*** Opening of Dataset section ***

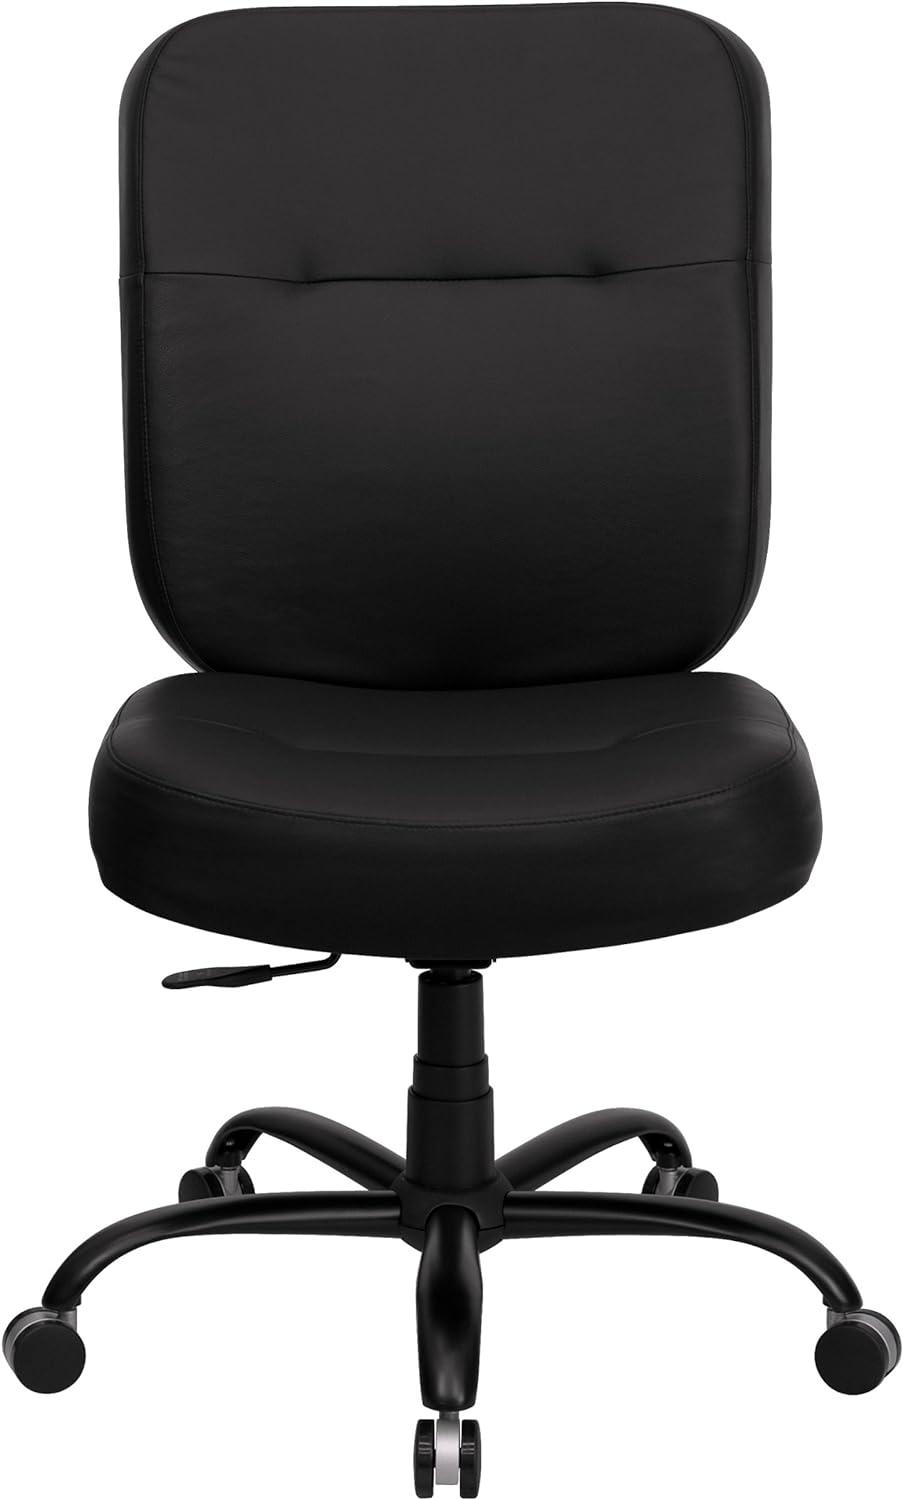 Hercules High-Back Black LeatherSoft Executive Swivel Chair
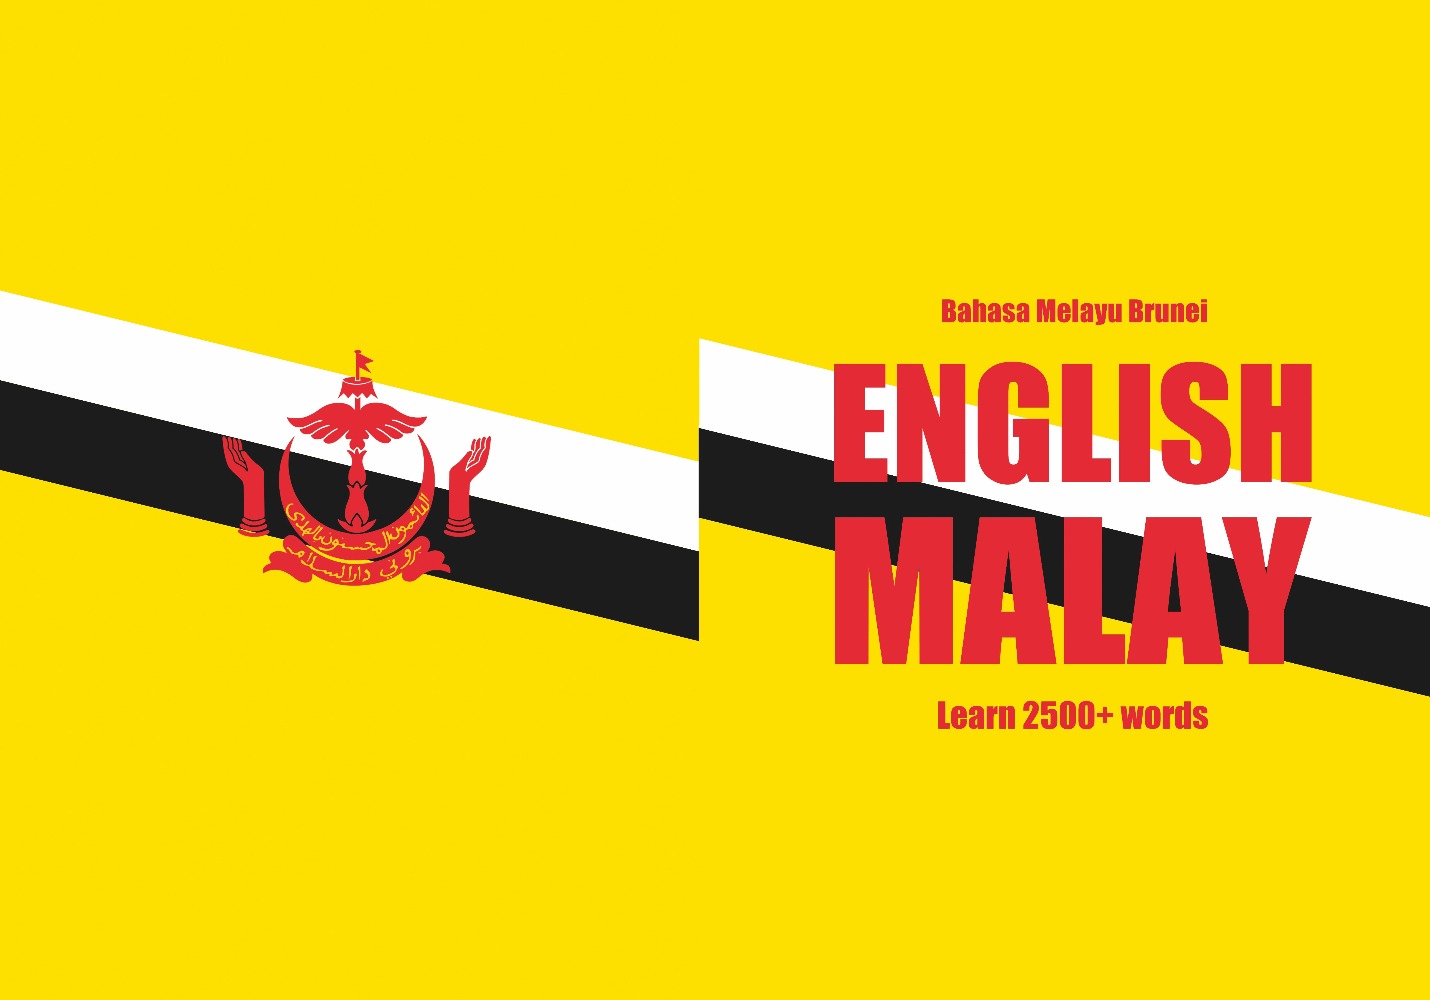 Brunei Malay language notebook cover
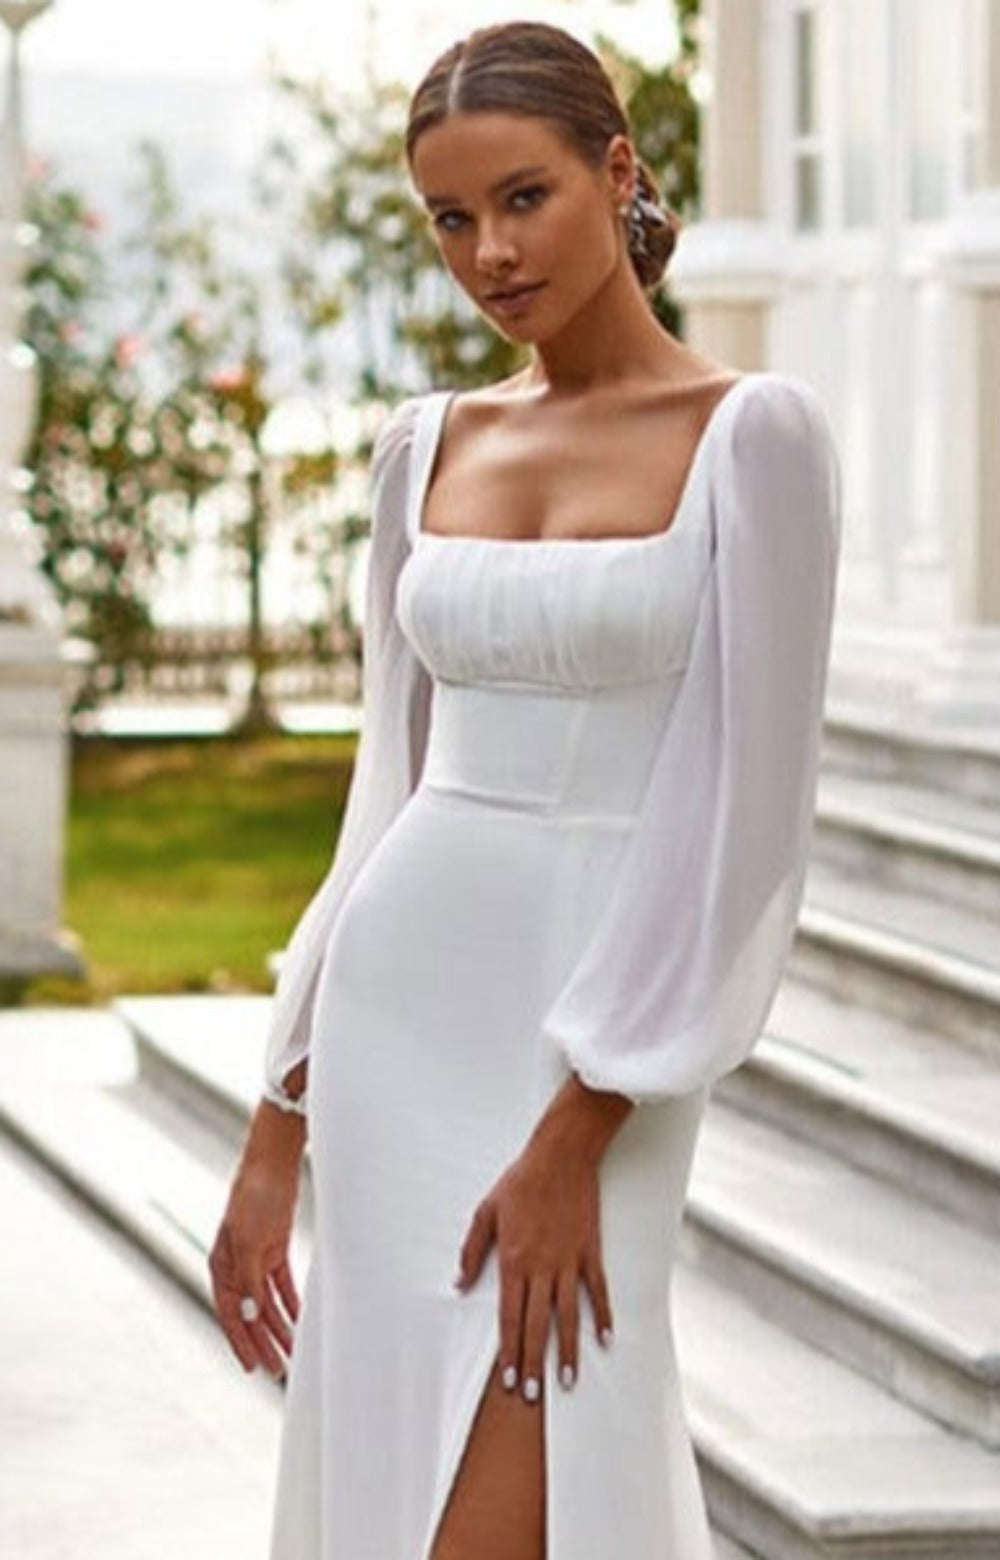 Women's Chiffon Long Sleeved Wedding Dress
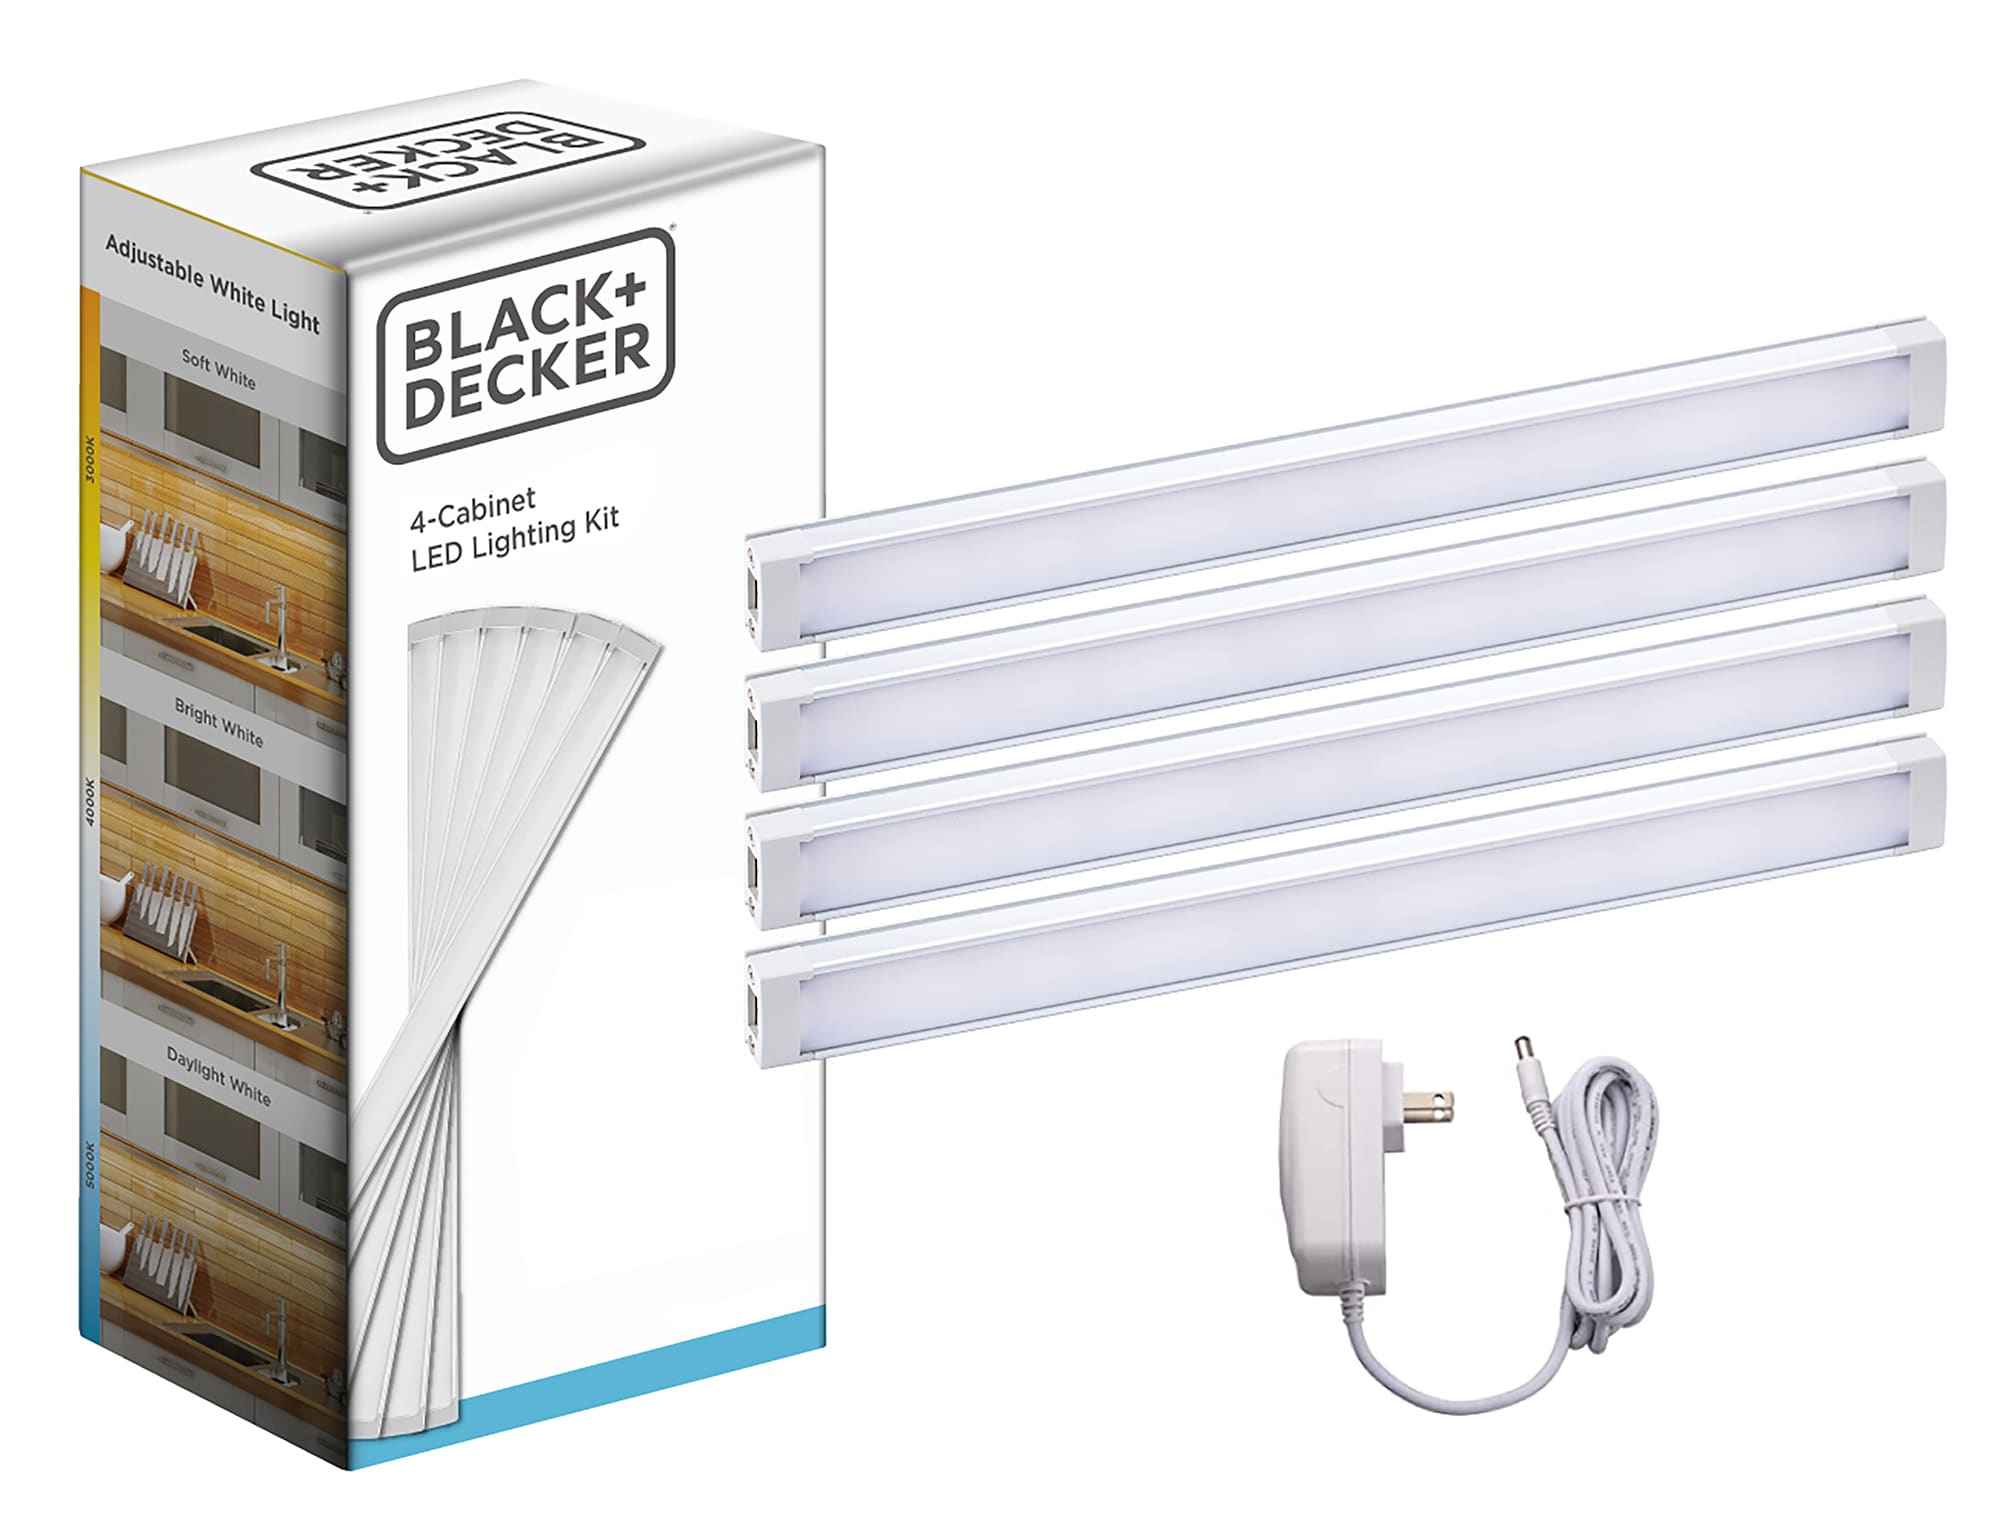 New Release BLACK+DECKER Alexa Cabinet Light Bars Review

*** Close of Dataset section ***

Activity =>
Would you transcribe, exactly and only, the lines from the one that contains "Women's Chiffon Long Sleeved Wedding Dress" through the last line of the data above, without any pictures?

Solution for this problem =>
 Women's Chiffon Long Sleeved Wedding Dress
 New Release BLACK+DECKER Alexa Cabinet Light Bars Review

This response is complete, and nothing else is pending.